Micro-scratching and wear of materials :

Scratching experiments can be performed using scratch testing equipment and tribometer systems. The key parameters involved is the load applied during the tests. It has been noted that application of constant load for the experiment is a better mechanism of analysing the extent of scratch damage on the samples, instead of varying the load during the tests. Another important aspect of micro-scratching is the selection of scratching material and its surface morphology.

Due to the changes in the indenter used in micro-scratching experiments, the mechanism of wear observed in the samples can change. Some other important parameters involved in the experiment are the local temperature attained at the sample contact and the change in physical properties of the sample like hardness and modulus during the contact of the indenter.
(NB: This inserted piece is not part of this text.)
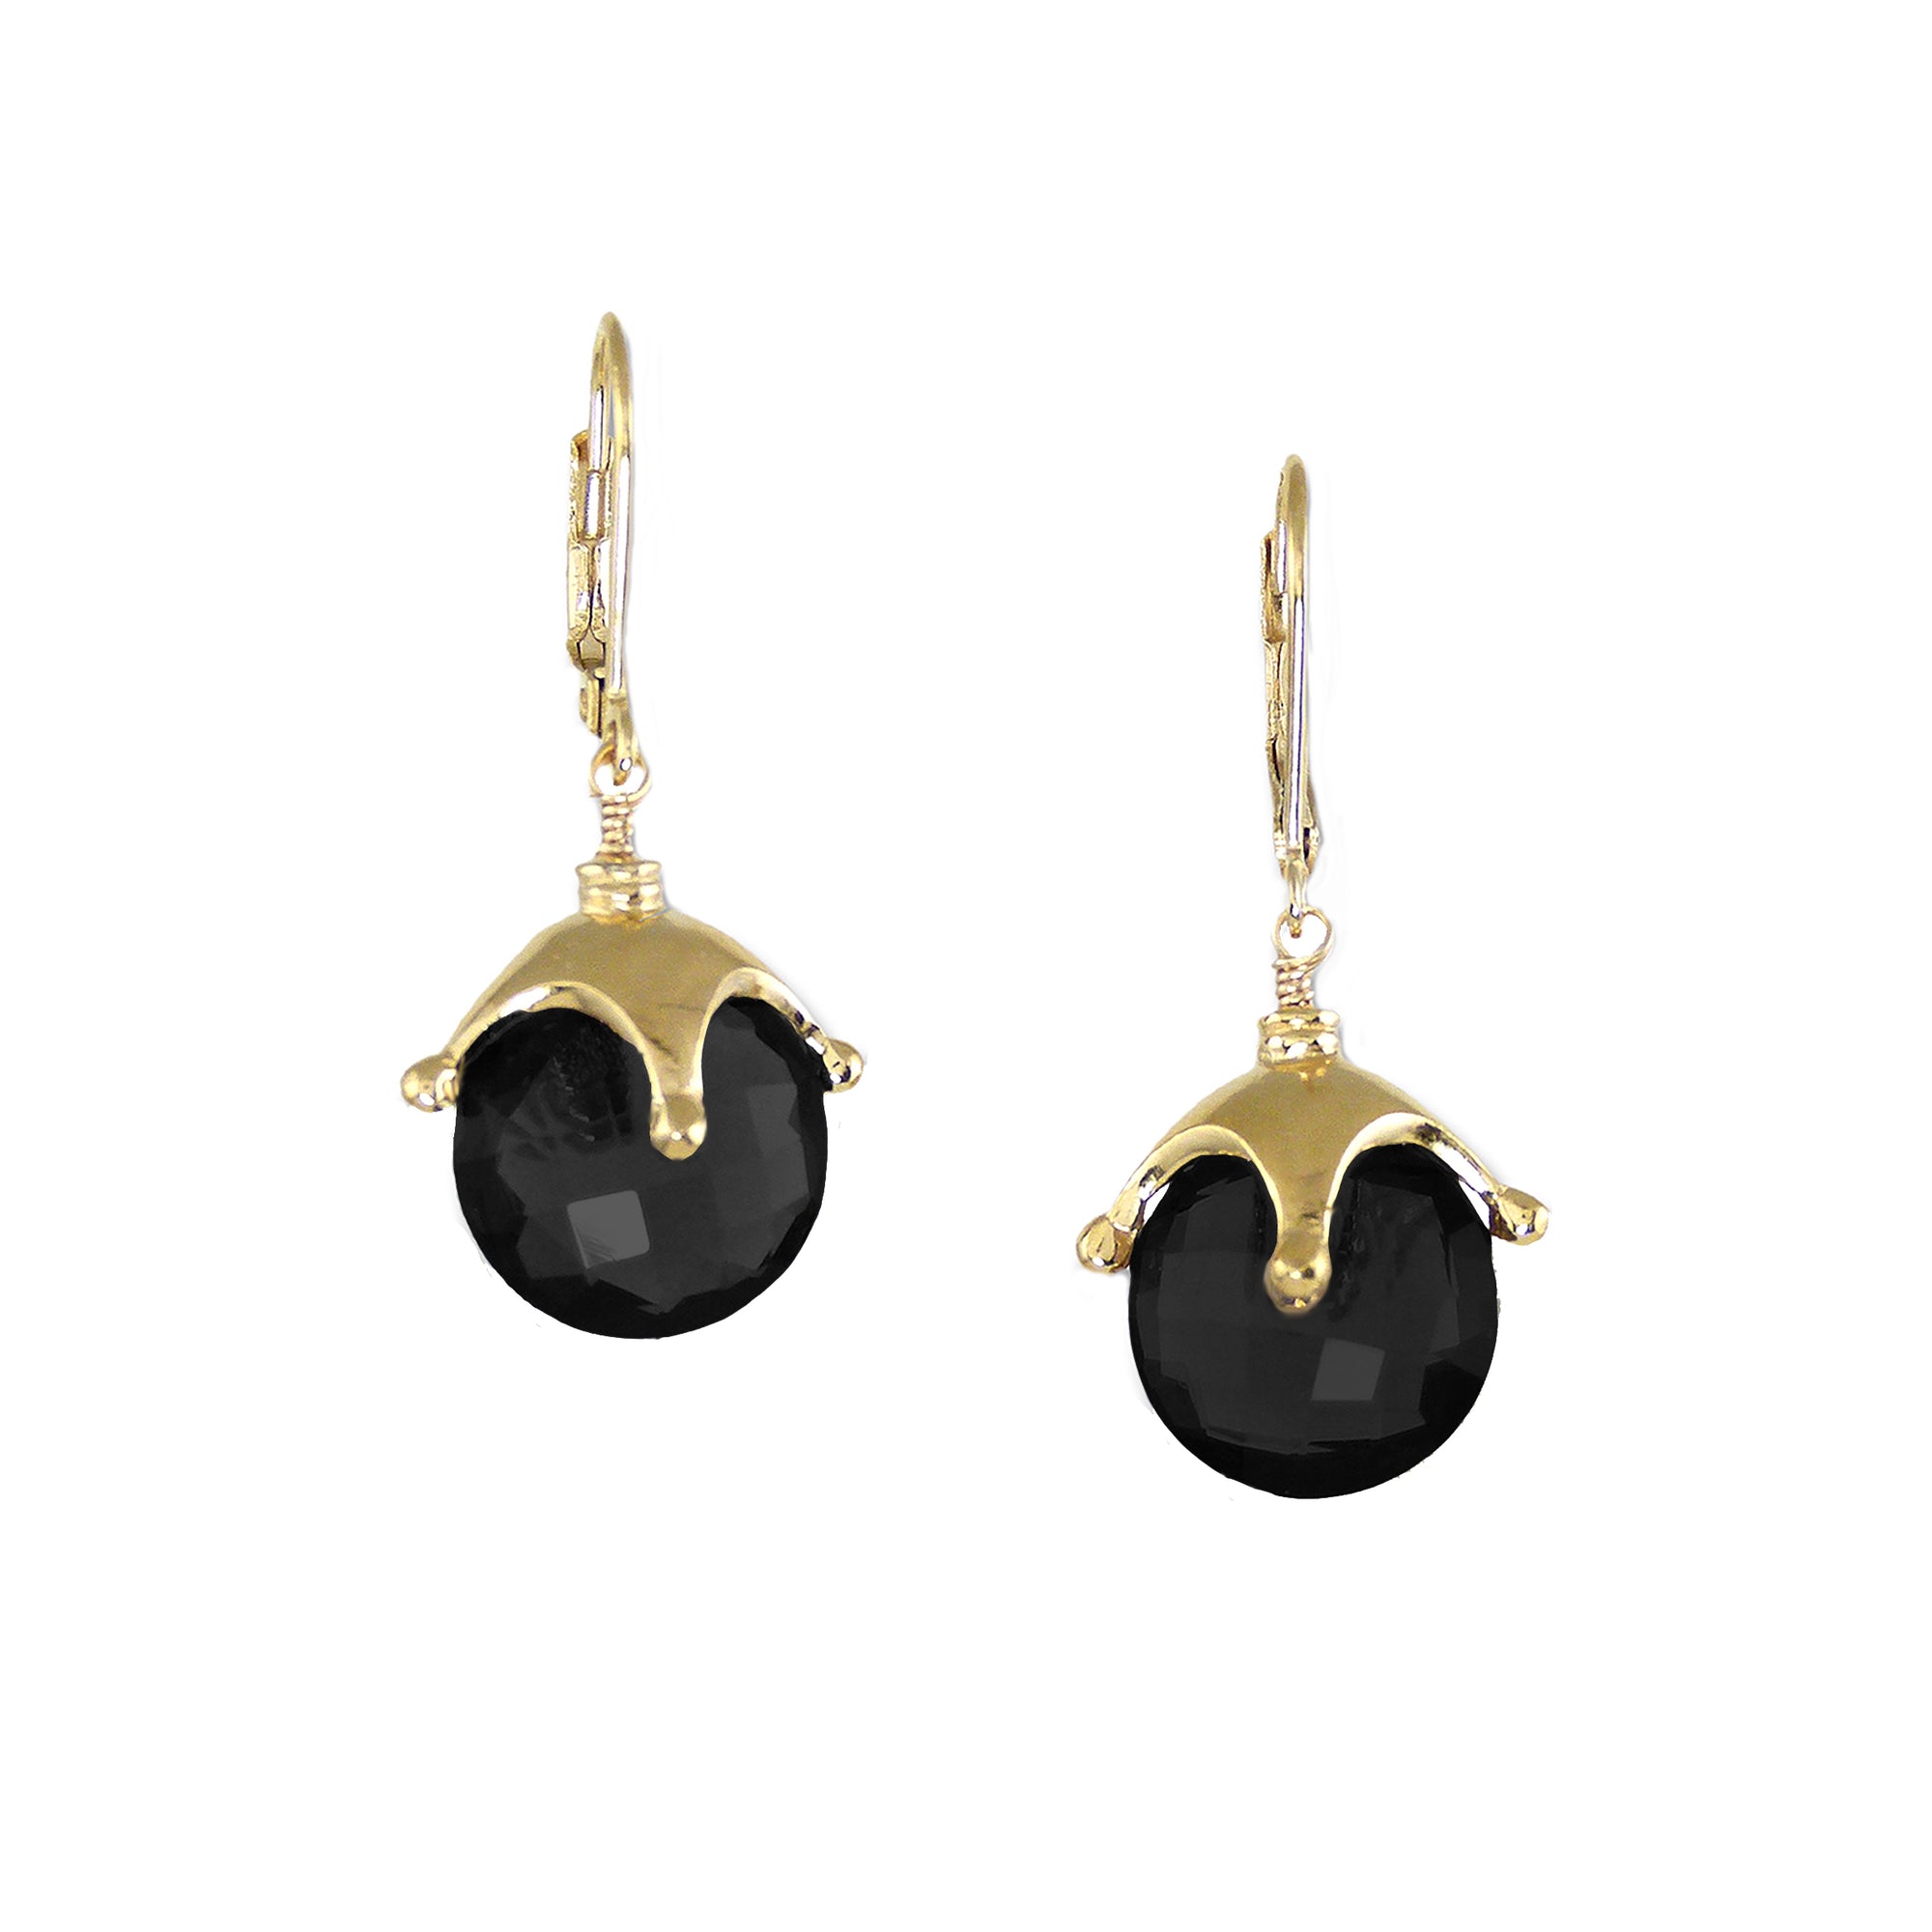 Jester Cap Earrings - Gold, Black Onyx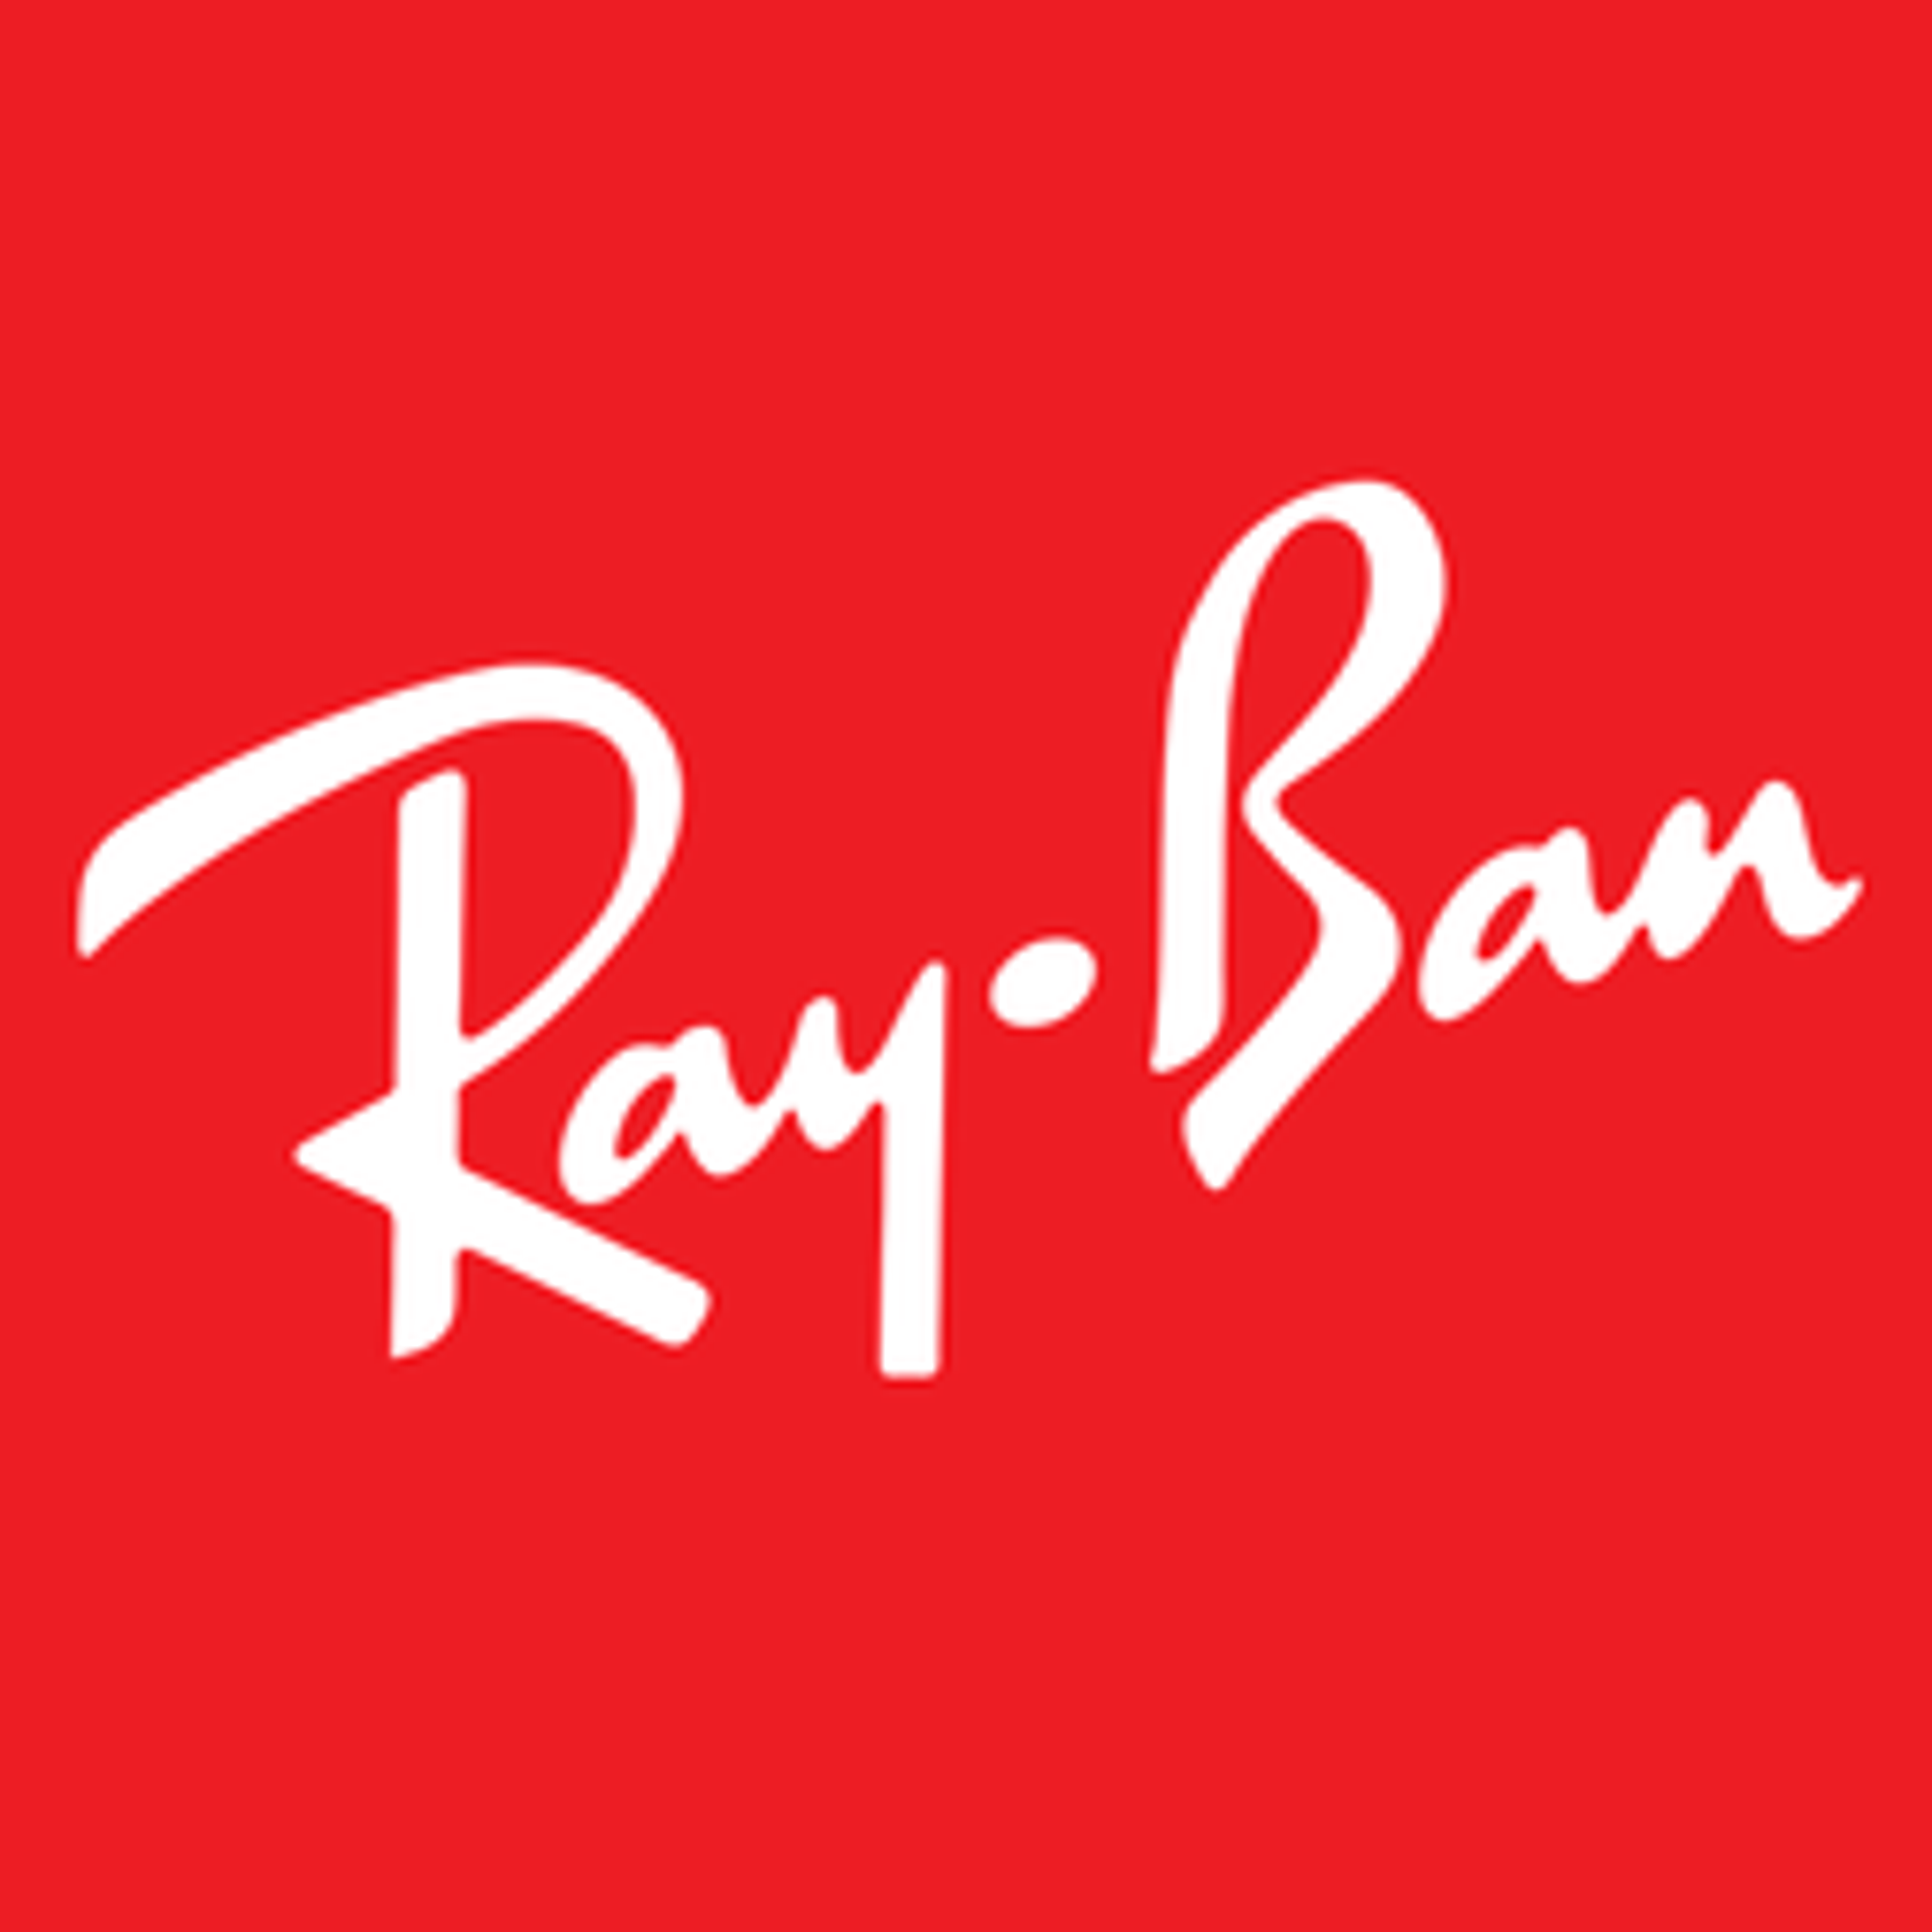  Ray Ban

Figure 1. describes a simplified schematic diagram of micro-scratching experiment. The samples are subjected to micro-scratching, based on the indenter material and the applied load.

Figure 1: A schematic diagram of Micro-scratching

Crack propagation resistance (CPR) is experienced when micro-scratching is performed. The CPR has been reported to change with variation of sample material and the temperature of operation. Various mechanism of wear propagation during the scratching have been identified; for a Rockwell C diamond cone indenter with 120° angle and 200 μm radius tip for austenite, ferritic metal matrix composites (MMC) with temperature up to 500 °C, ploughing is the predominant mechanism. This changes when the temperature is increased to 800 °C and high loads of scratching to cutting.

It has been implied that the mechanism of wear during micro-scratching relates to the microstructure of the material (homogenous or heterogeneous), phases present in it (multiphase or single-phase).